§ **Problem requirements**
Full transcription, minus images: write out the listing below exactly as it appears.

§ **Data segment**

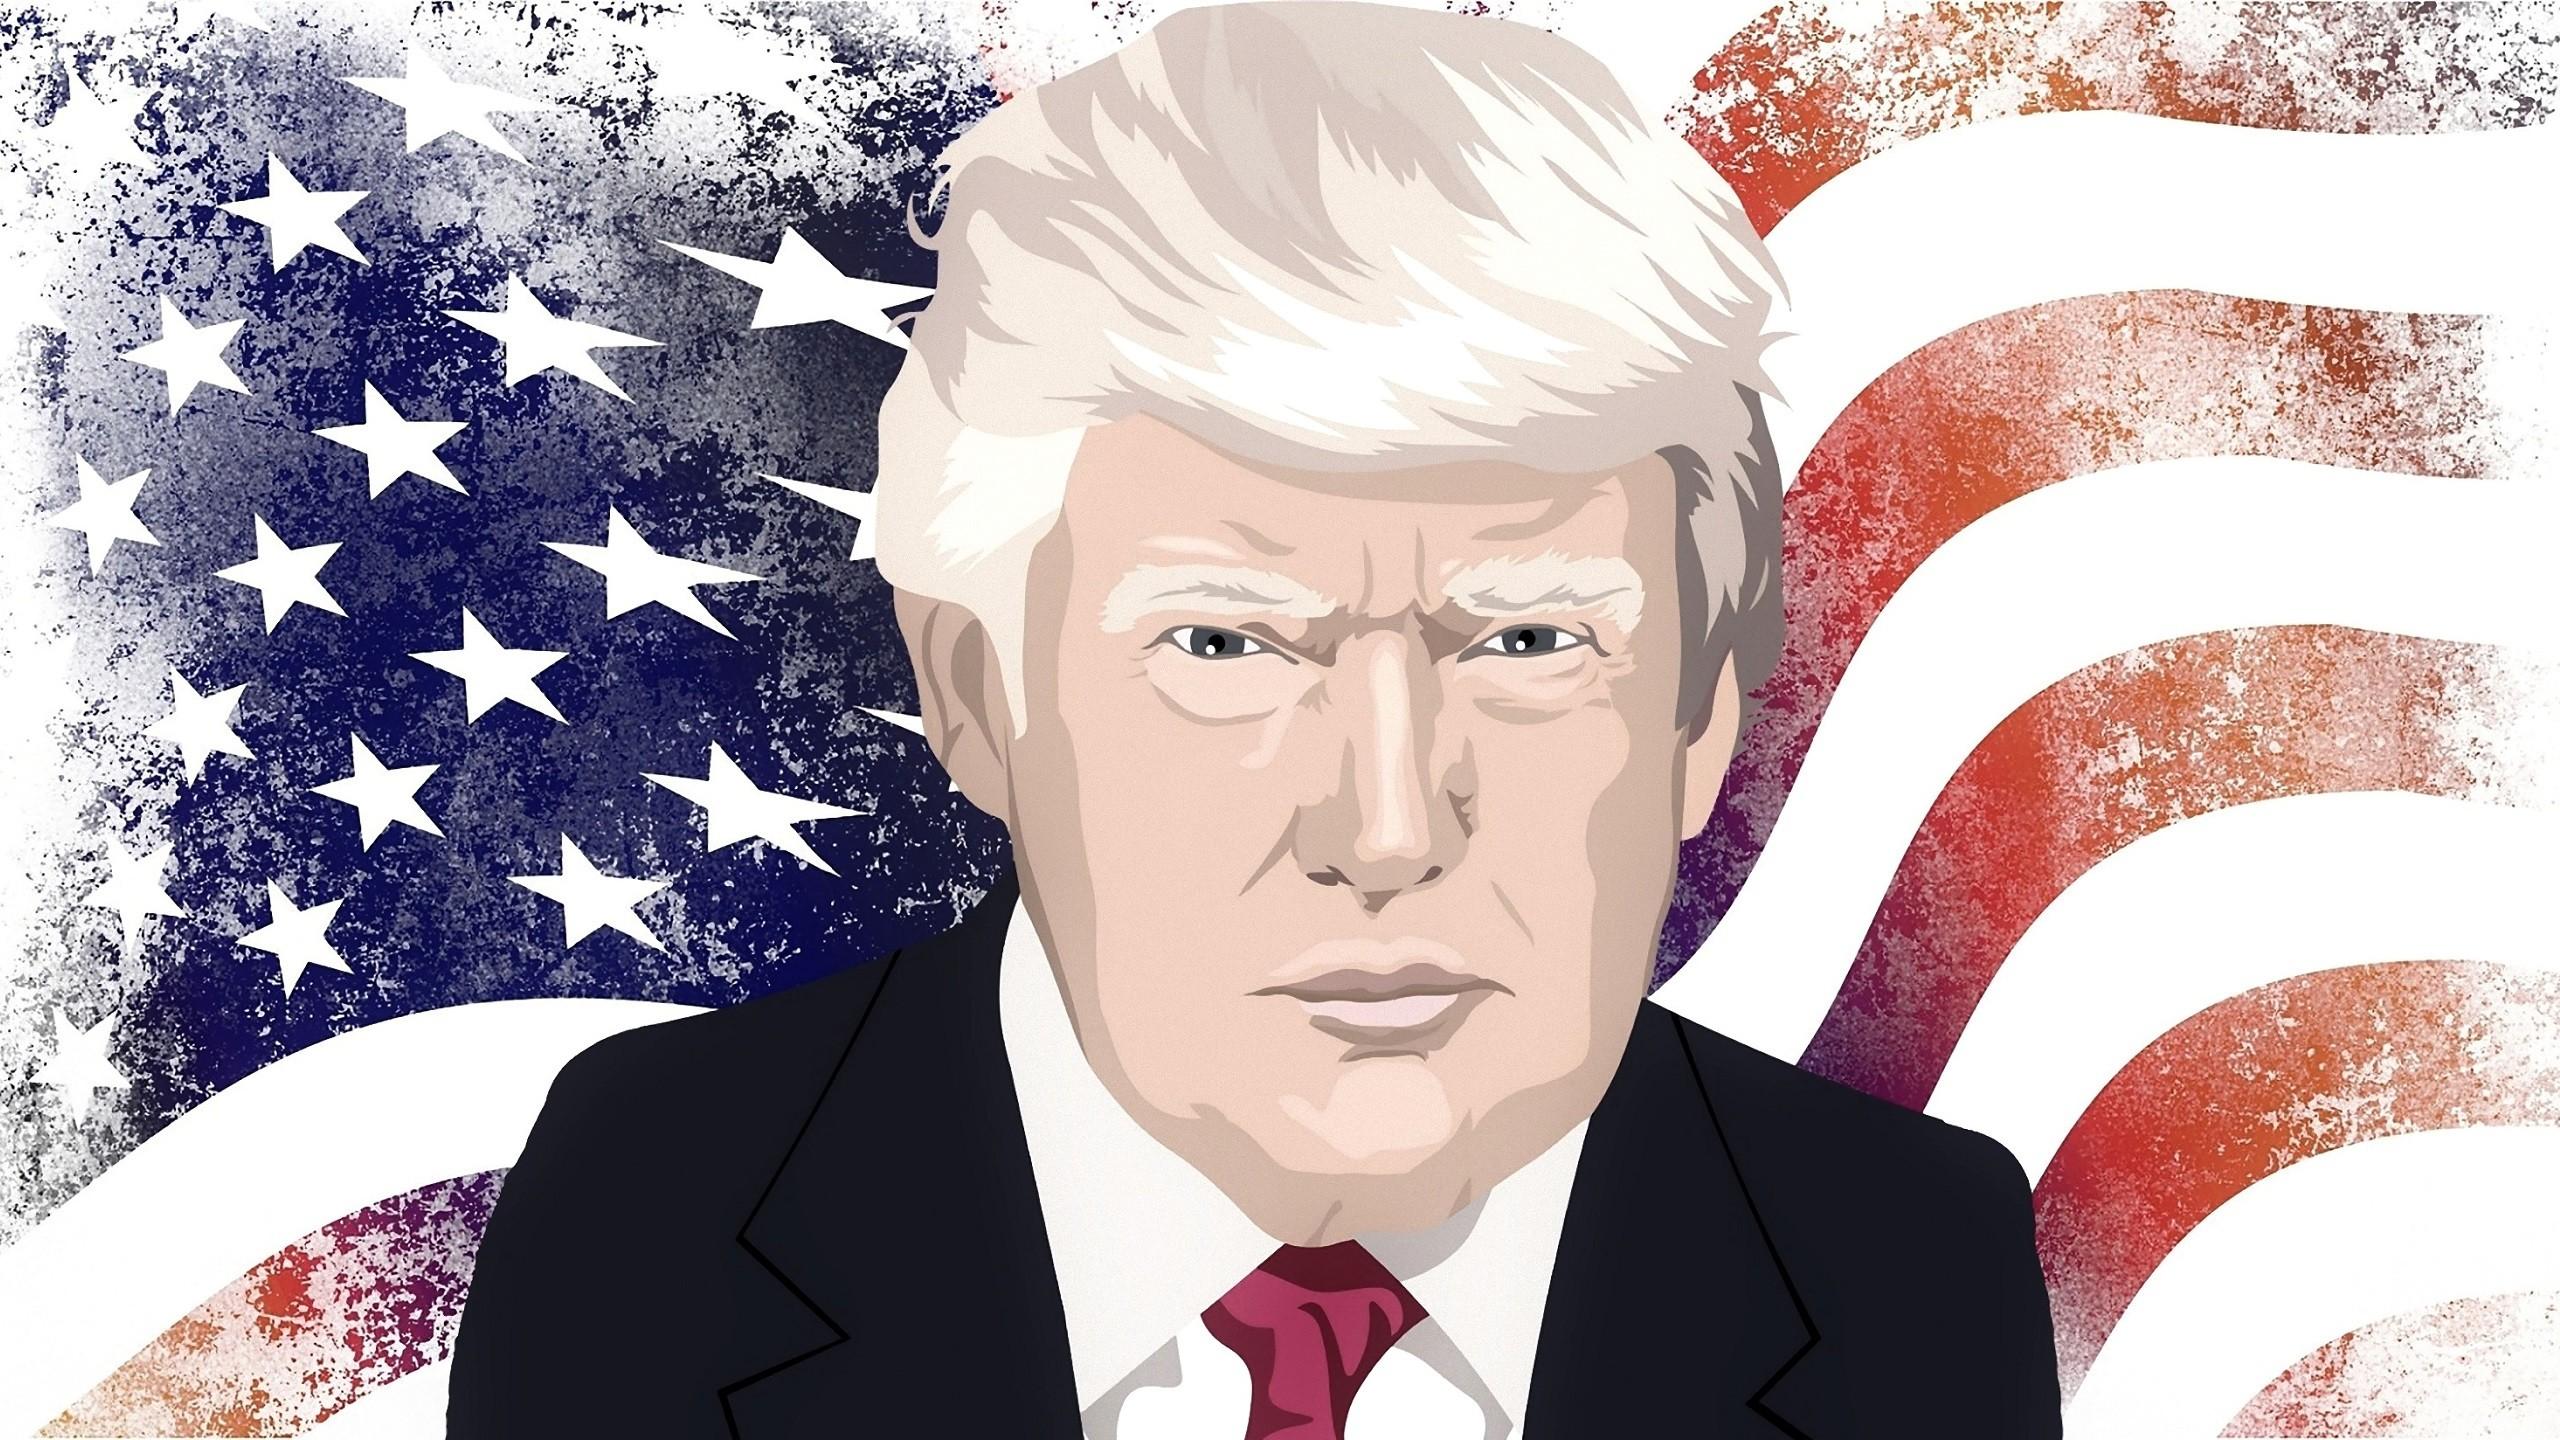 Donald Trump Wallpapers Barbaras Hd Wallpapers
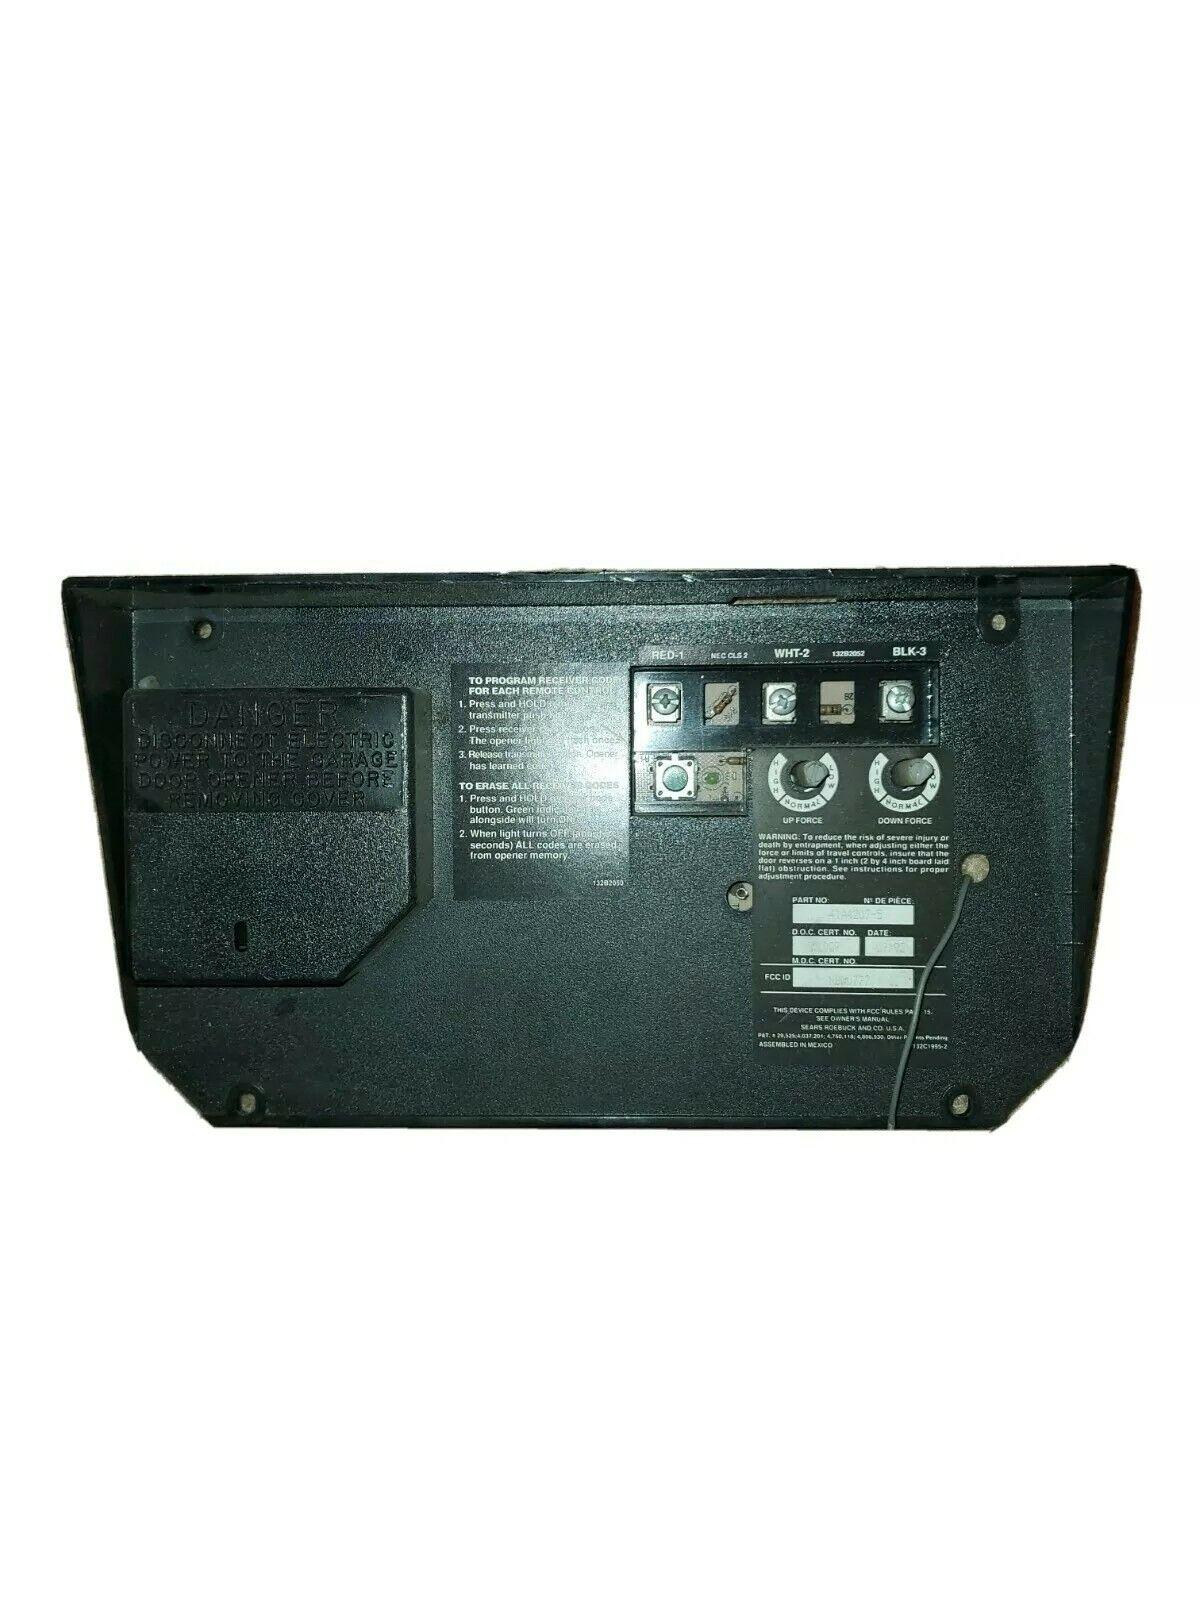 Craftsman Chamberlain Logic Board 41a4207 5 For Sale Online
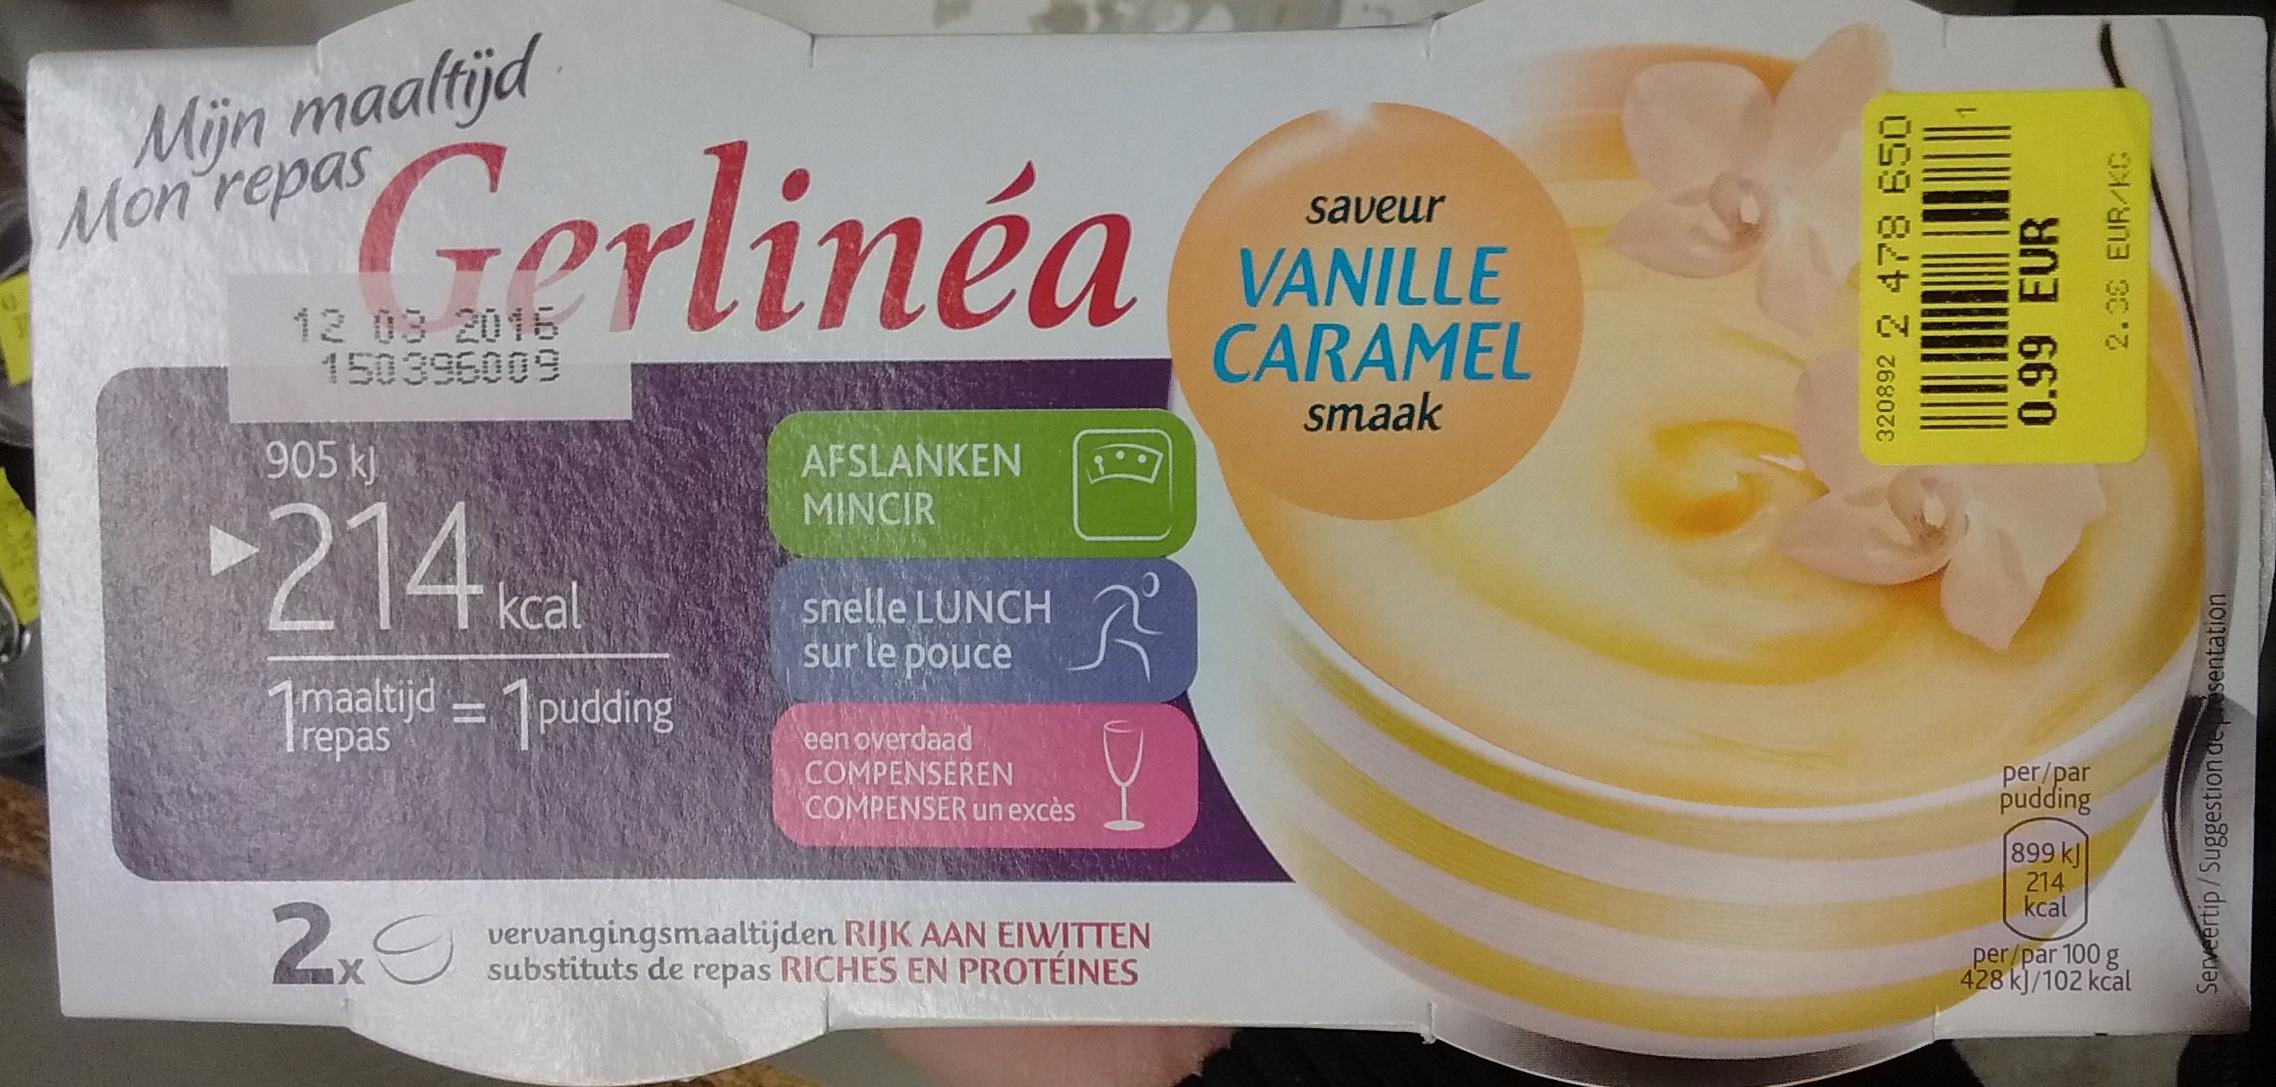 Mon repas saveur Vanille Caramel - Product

§ **Solved problem**
 Donald Trump Wallpapers Barbaras Hd Wallpapers
 Craftsman Chamberlain Logic Board 41a4207 5 For Sale Online
 Mon repas saveur Vanille Caramel - Product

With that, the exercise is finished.